Stored data:
Content starts

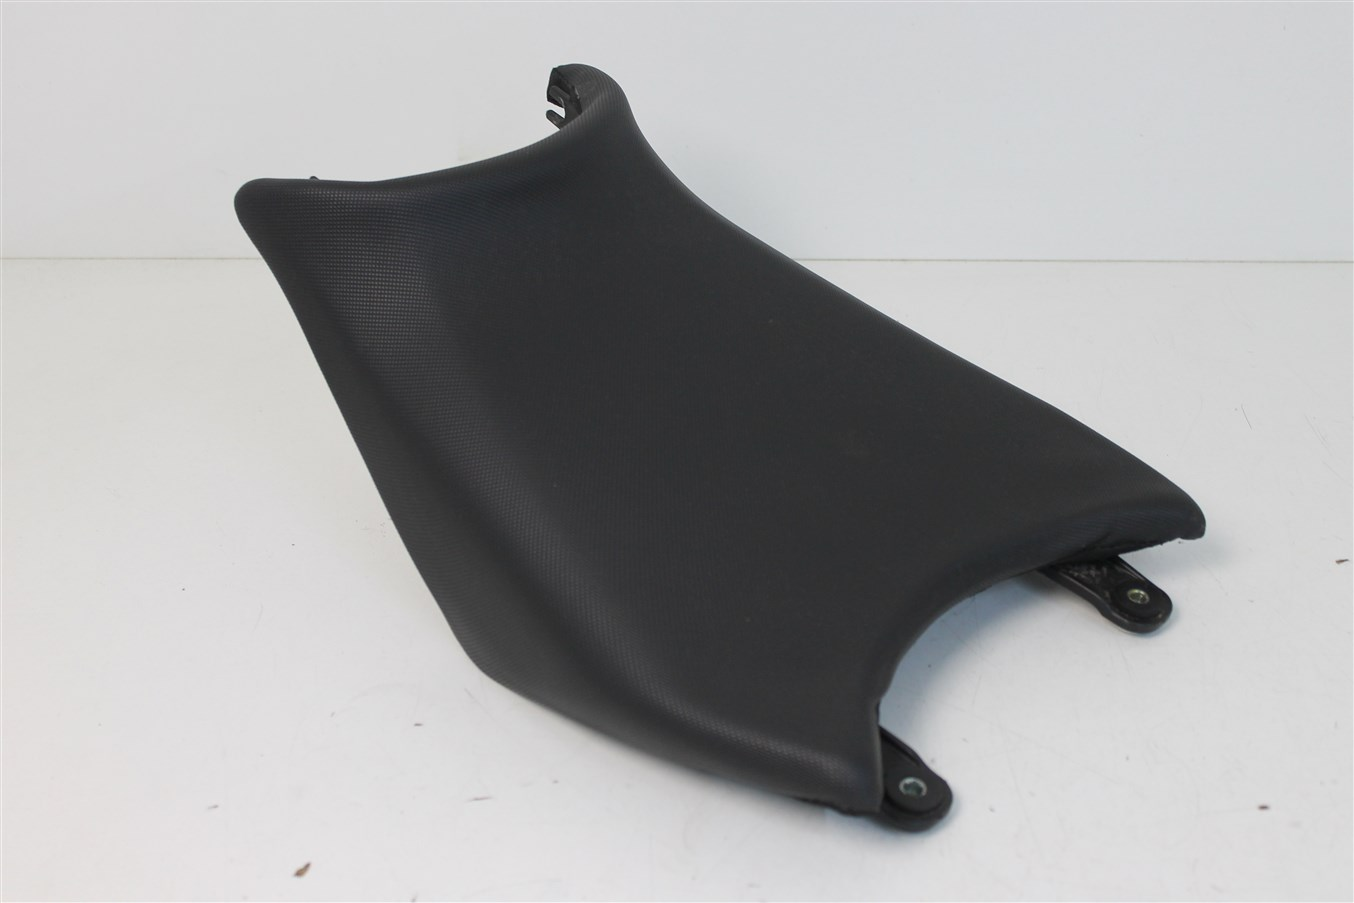 ktm duke 125 sitz sitzbank soloseat seat ab 2011 ebay. Black Bedroom Furniture Sets. Home Design Ideas
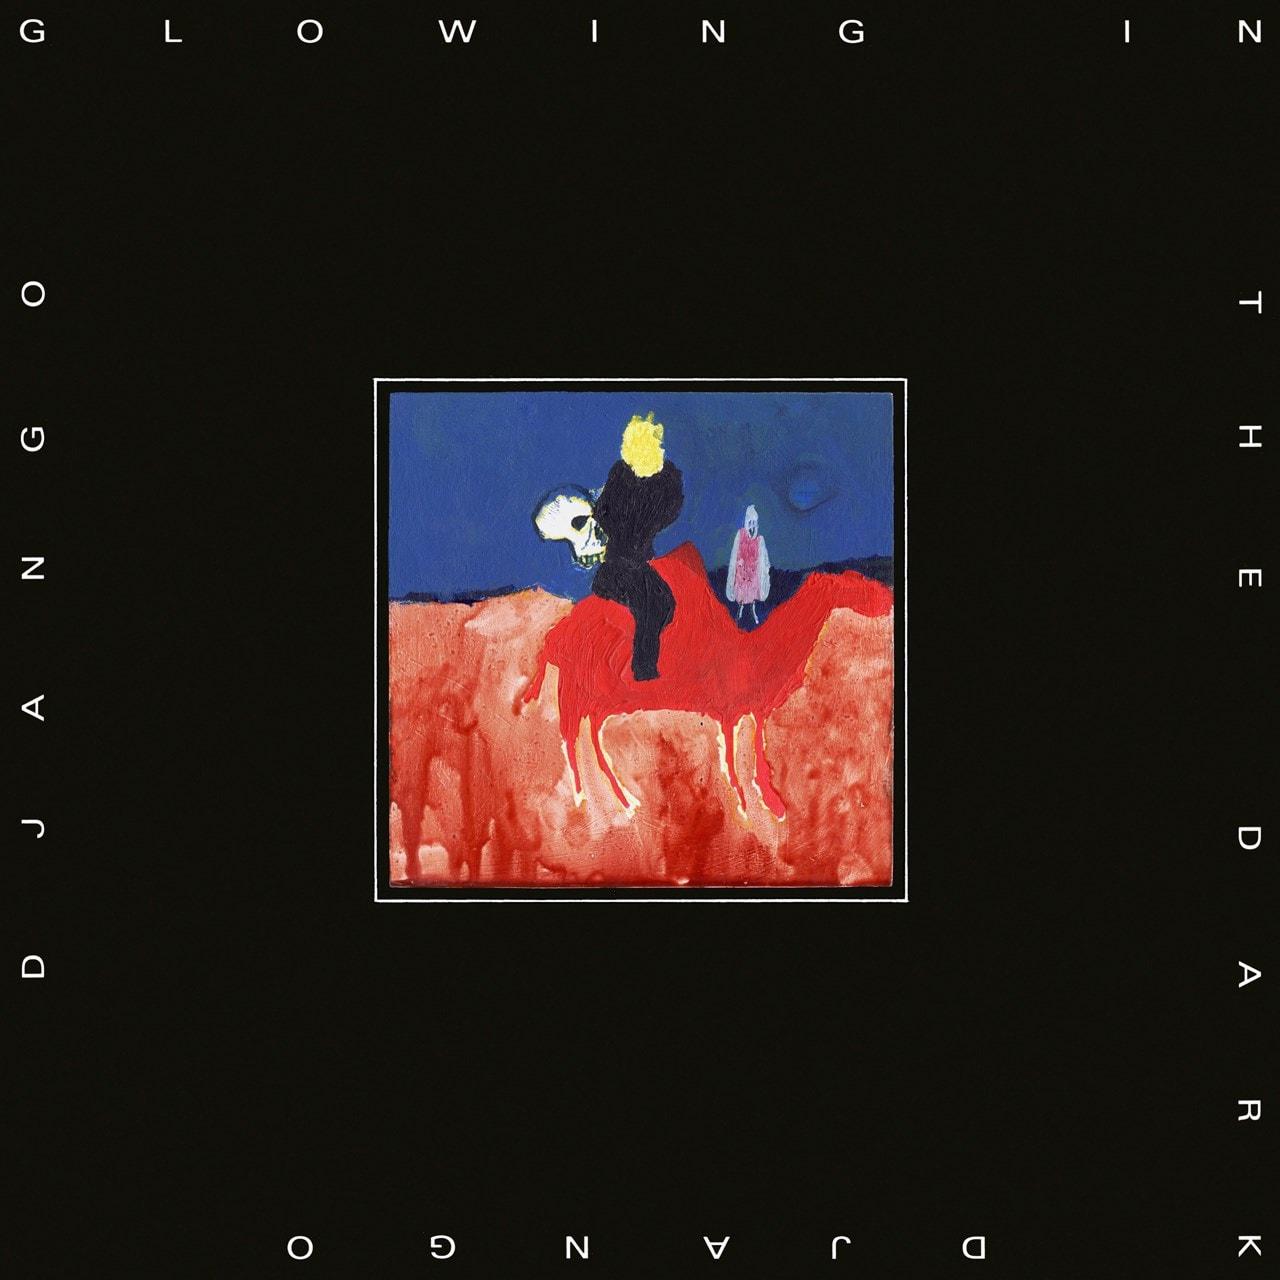 django django glowing in the dark new album stream track by track
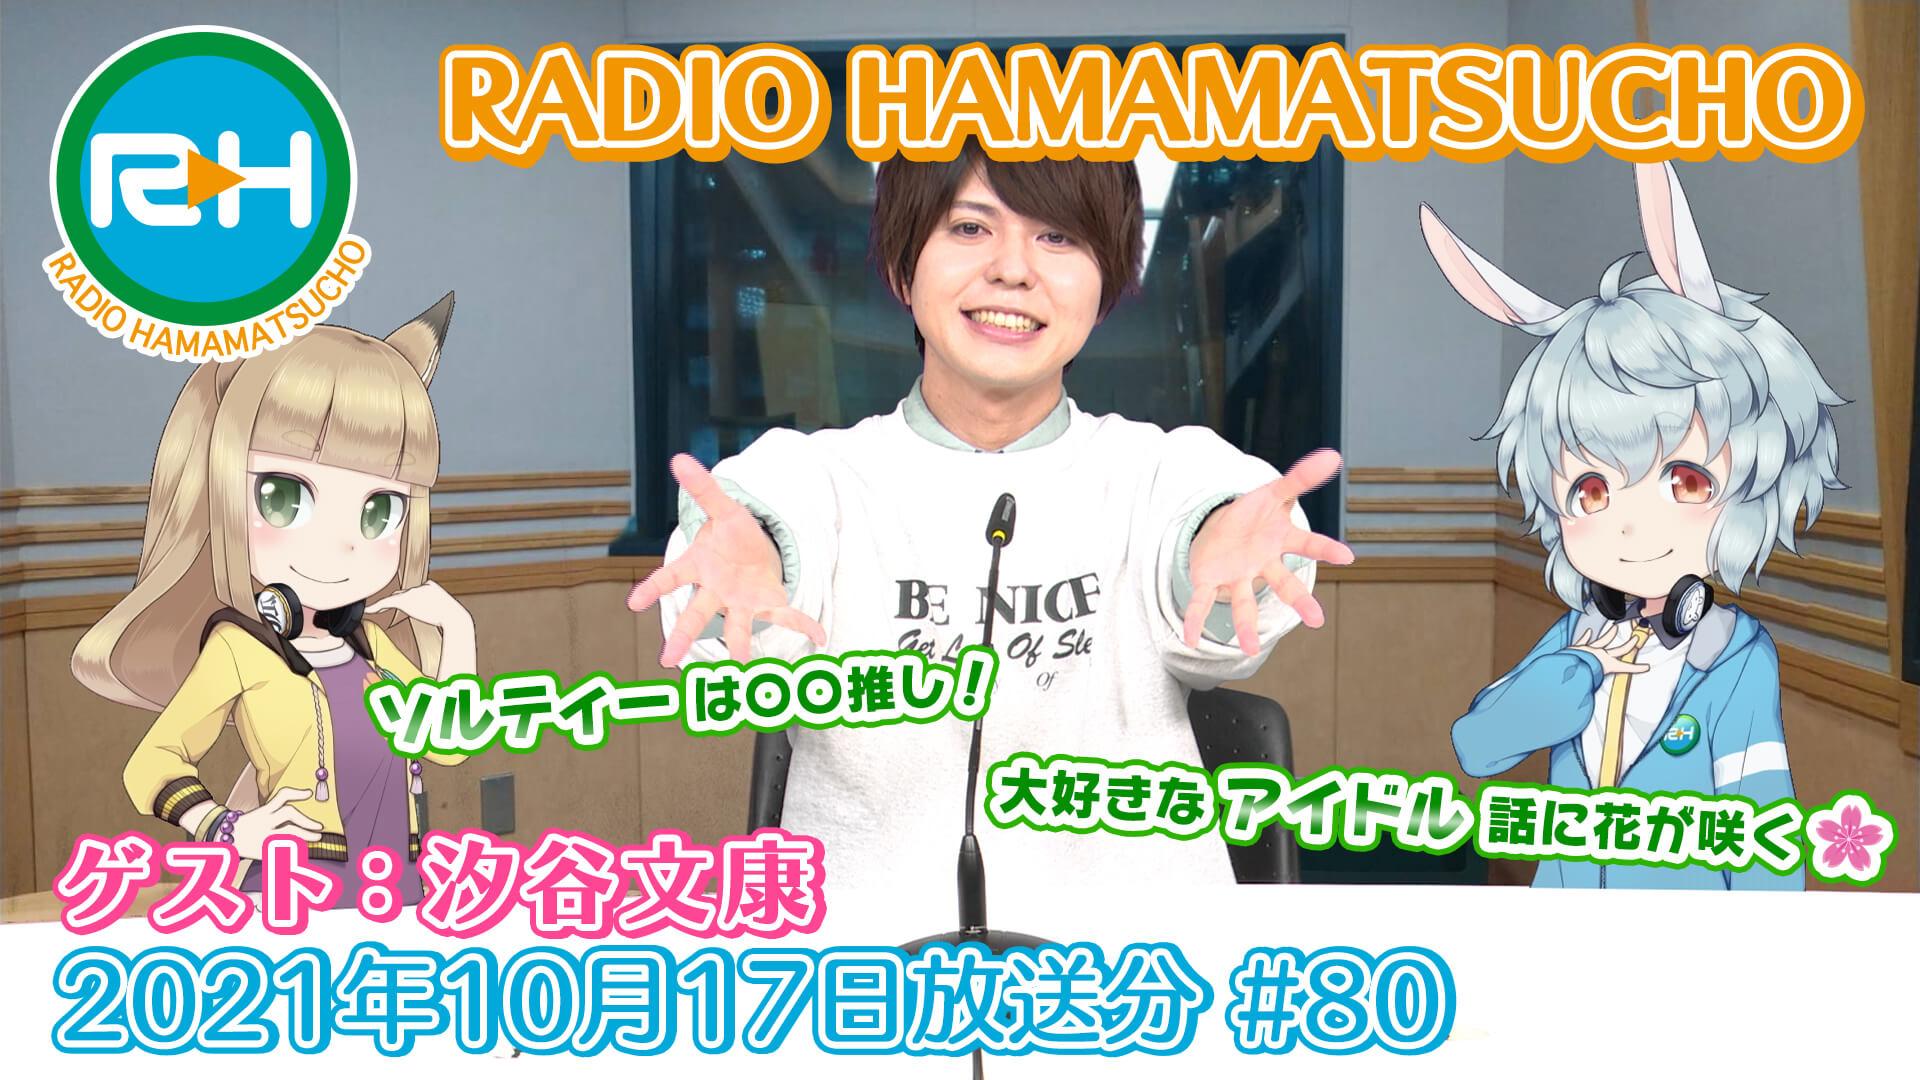 RADIO HAMAMATSUCHO 第80回 (2021年10月17日放送分) ゲスト: 汐谷文康

Content ends

Task requirements: Return each line above exactly; any pictures are to be skipped.

Reply to the task:
 ktm duke 125 sitz sitzbank soloseat seat ab 2011 ebay. Black Bedroom Furniture Sets. Home Design Ideas
 django django glowing in the dark new album stream track by track
 RADIO HAMAMATSUCHO 第80回 (2021年10月17日放送分) ゲスト: 汐谷文康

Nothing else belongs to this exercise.